The Last Word

01.11.12

‘Still a big increase in regulated fares’

Source: Rail Technology Magazine October/November 2012

Passenger Focus Anthony Smith discusses the current fares structure in the light of the Government’s decision to hold the increase at RPI+1%.

Passengers struggling to work in the cold this winter will be relieved to note that the prime minister has now announced that regulated rail fares will rise in the New Year by RPI (3.2%) plus 1% – not the +3% that was announced last year.

Passenger Focus welcomes the news – for hard-pressed passengers who rely on the train, especially those who don’t have the option to change the times they travel to take advantage of cheaper options, this will come as good news.

However, the result is still a big increase in regulated fares. Passengers in the UK already pay some of the highest fares in Europe and our most recent passenger survey showed that just 42% felt they had got value for money on their ticket. This figure drops to 29% for commuters. While part of the assessment of value depends on the delivery of a punctual, frequent service a great deal is based simply on the cost of the ticket.

In 2009 we conducted an in-depth comparison between rail fares in Great Britain and continental Europe. It looked at fares, service frequency and speed on journeys in Britain, France, Germany, Italy, the Netherlands, Spain, Sweden and Switzerland. This found that travelling by train in Britain, especially for commuting, was more expensive than it was elsewhere in Europe, but service frequency was higher. Long-distance travel was more of a mixed bag: if you were able to book in advance and accept zero flexibility you could get a very good deal but if you needed some flexibility you would pay considerably more.

There is talk of using more demand management on journeys in the peak periods. While there is merit in incentivising commuters to travel outside the peak, passengers would struggle with any attempts to squeeze demand by increasing peak fares – i.e. a super-peak premium. Such a move ignores the fact that peak fares are already high and that not everyone has the potential to shift their travel patterns – indeed, those least able to avoid the high peak are likely to be the least able to afford a high peak premium.

The huge gap between the Advance ‘one train only, no refunds’ price and the price of a flexible ticket frustrates passengers.

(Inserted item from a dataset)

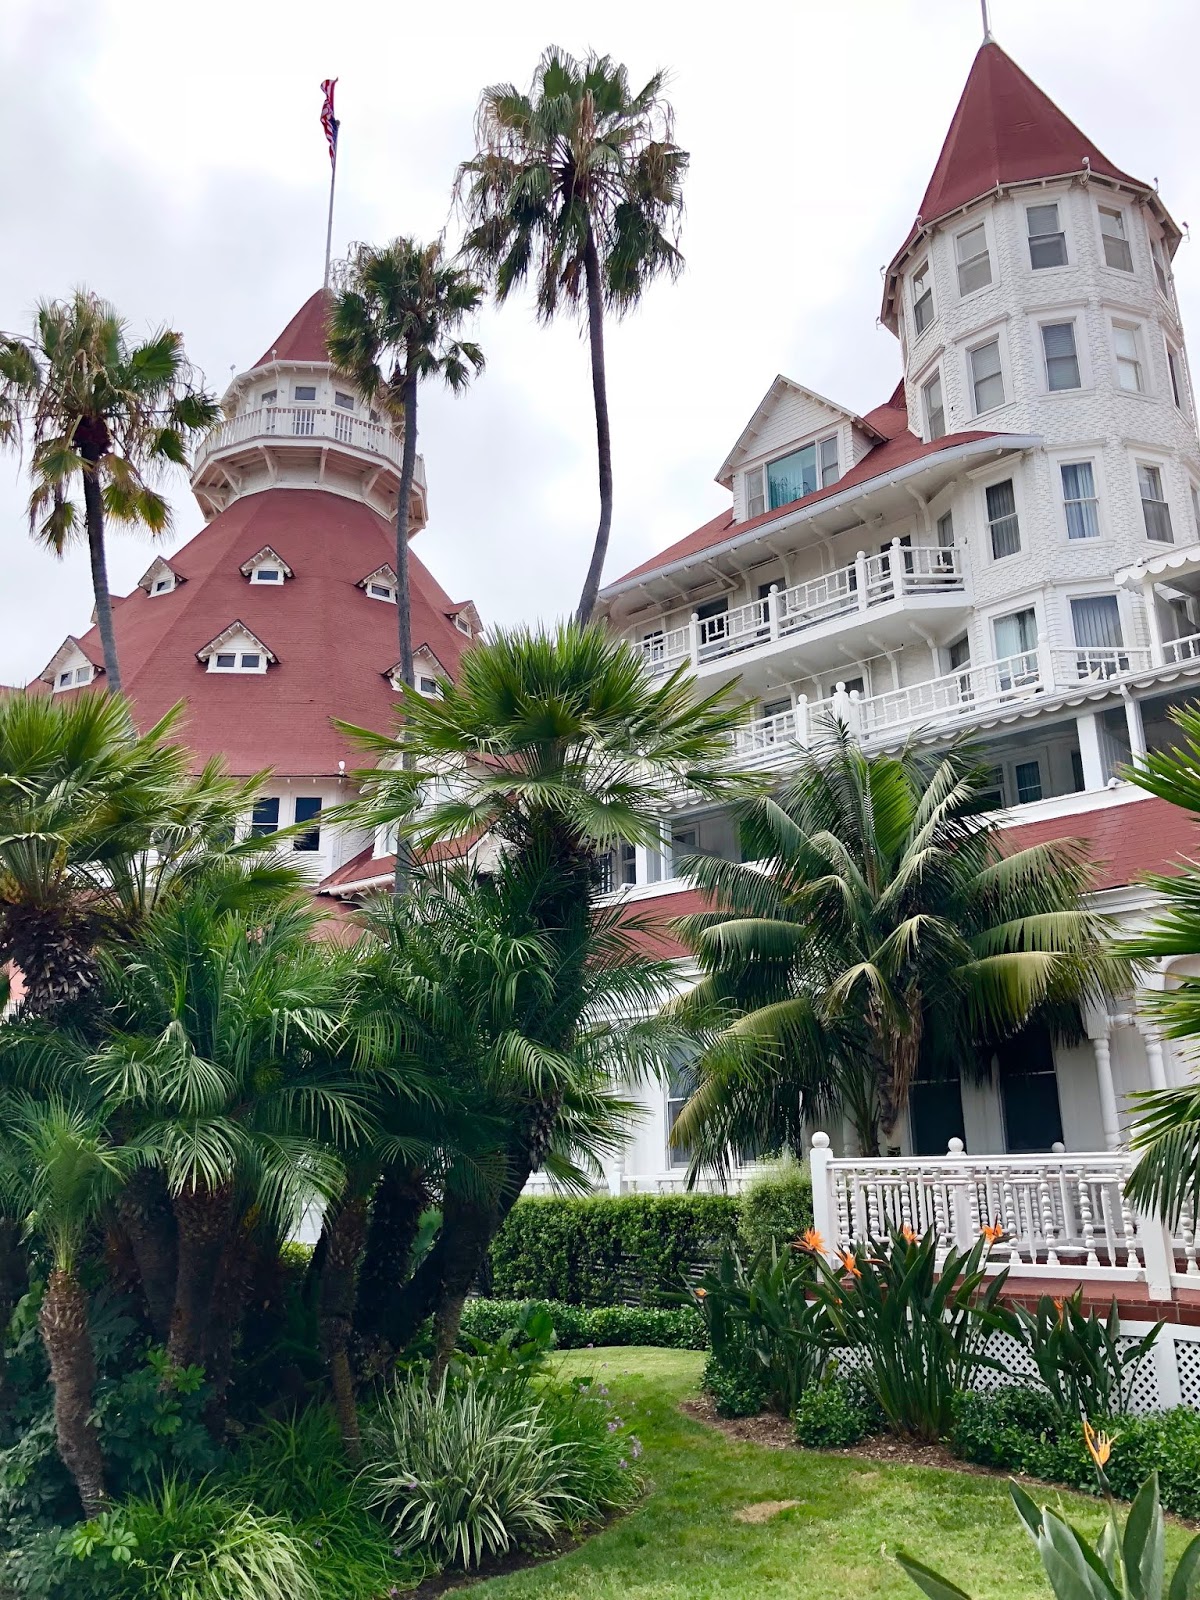 Hotel Del Coronado, San Diego, California, August 2018

Research among business travellers shows they feel forced into paying high prices because they cannot be sure when meetings will finish or that their plans will not change. Not everyone is capable of planning up to 12 weeks ahead.

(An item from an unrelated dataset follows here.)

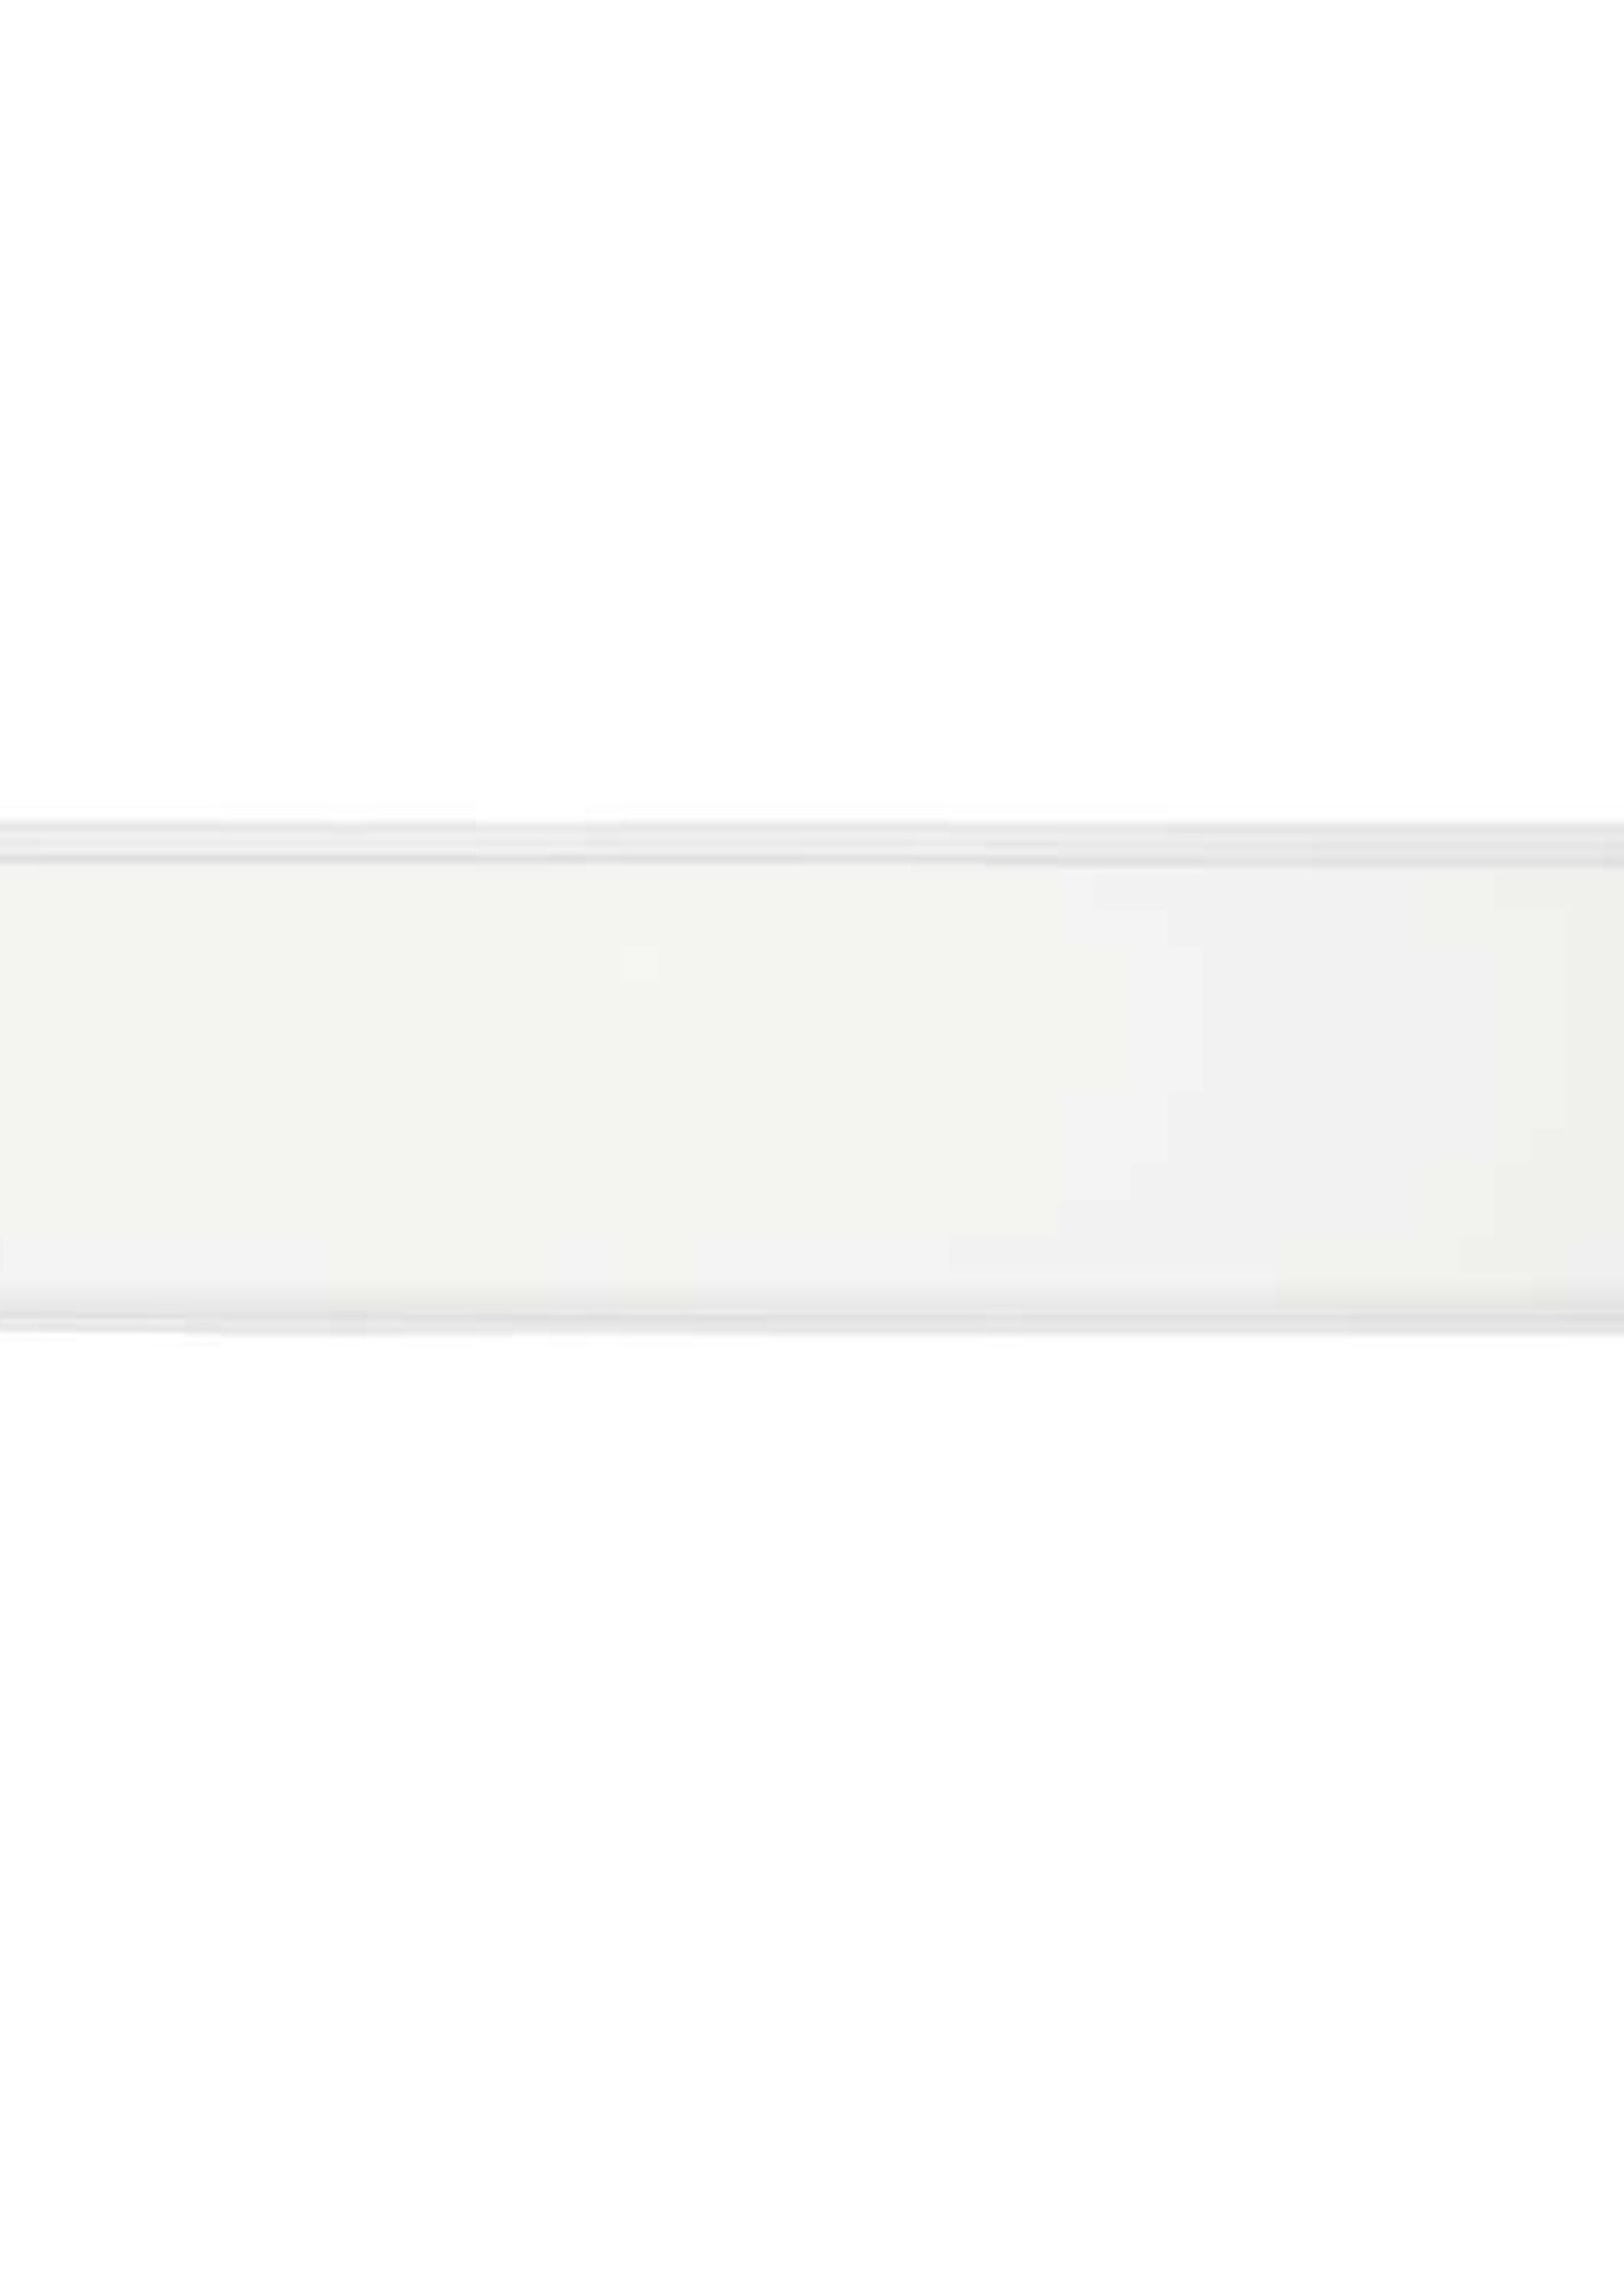 LEDWINKEL-Online WiFi LED Paneel 30x120cm CCT 3000K - 6000K 50W 100lm/W Edge-lit

There are things that can be done:

• Incentives to encourage commuters to travel outside the peak – e.g. discounts if arriving after 09.30; or carnet-style tickets that reward working from home. The roll-out of smartticketing should facilitate the development of new products to encourage this.

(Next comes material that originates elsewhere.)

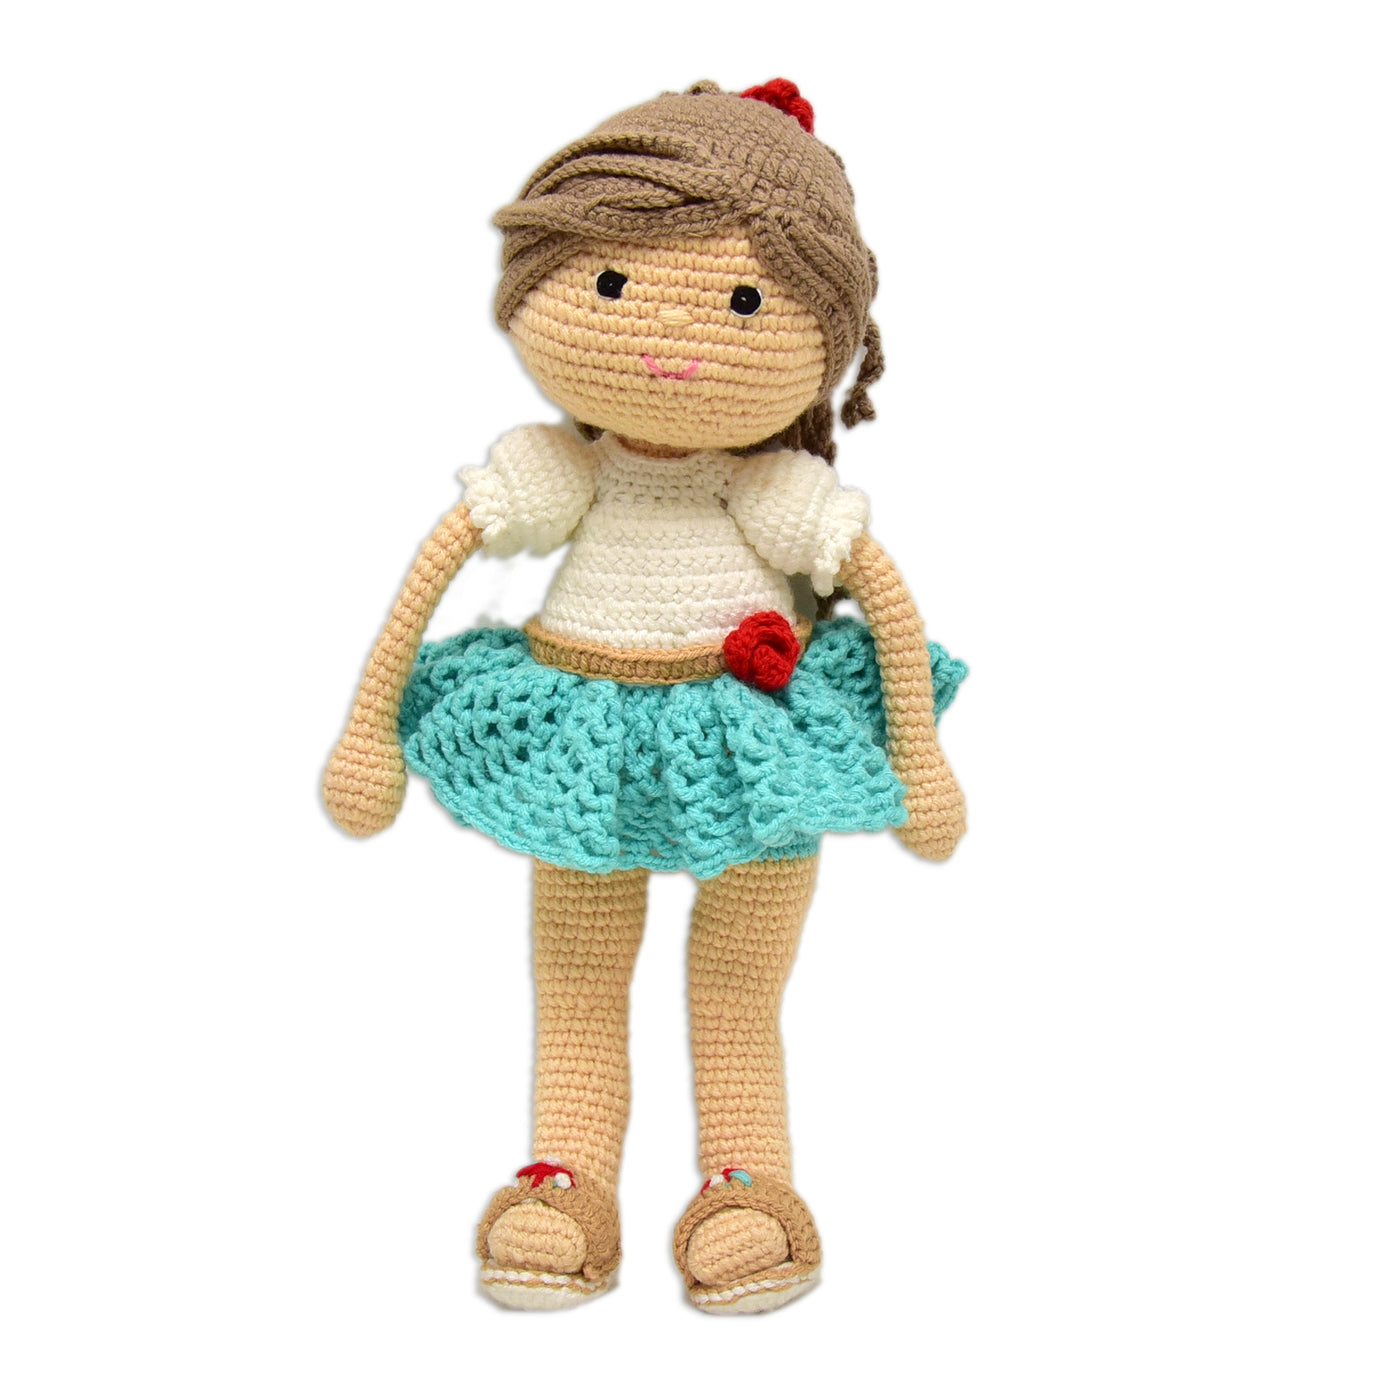 Handcrafted Amigurumi Katie Doll

• Introducing single-leg pricing (where singles are half the price of a return) to allow passengers to mix and match between Advance and Off-Peak fares (i.e. to allow an element of flexibility on one leg).

• Introduce an element of flexibility to Advance fares – e.g. if a passenger misses the train on which they booked an Advance ticket, the sum paid already should count towards the new ticket they need to buy.

However, it is not just about the price of tickets. Many passengers continue to feel that the fares structure is too complicated, confusing and illogical. The chief complaint is often one of having to navigate an obstacle course of restrictions attached to tickets – e.g. what time you can travel, which train company you can use and what route you can take.

The rail industry must think differently about ticket retailing: the onus should be on train companies and retailers to sell the right ticket and less on the passenger to buy the right ticket. Passengers need to be guided more effectively to the right ticket for them, not have to guess from what can be a baffling array of different tickets. This includes providing greater information on the restrictions attached to tickets, especially when sold via a ticket vending machine; and providing reassurance that passengers have been offered the cheapest fare for the journey.

Taking this thought further, we know that passengers face inconsistent treatment when travelling without a ‘valid’ ticket. Our research has shown that passengers who make an innocent mistake can find themselves facing a hefty bill, or in some of the worst cases, a criminal prosecution.

We want to see:

• The introduction of a code of practice for non Penalty Fare areas which sets out clear and consistent guidelines on how passengers who board without a ‘valid’ ticket should be dealt with.

• Passengers should only face criminal prosecution when there is proof of intent to defraud

• Greater flexibility when a passenger can prove they bought a valid ticket but cannot produce the ticket (or all of them) when asked

• Greater transparency on how many penalties are issued, for what, and how many appeals are upheld or overturned.

The Association of Train Operating Companies has already agreed to co-ordinate the drawing up of national guidelines to ensure more consistent treatment of passengers.

It is in the interests of train operating companies that passengers are confident in what they are buying. We know that passengers need more trust in what they are paying for, and that they will be treated fairly if mistakes happen. The next round of the Passenger Satisfaction Survey is out in February – it will be interesting to see if any improvement has yet been made.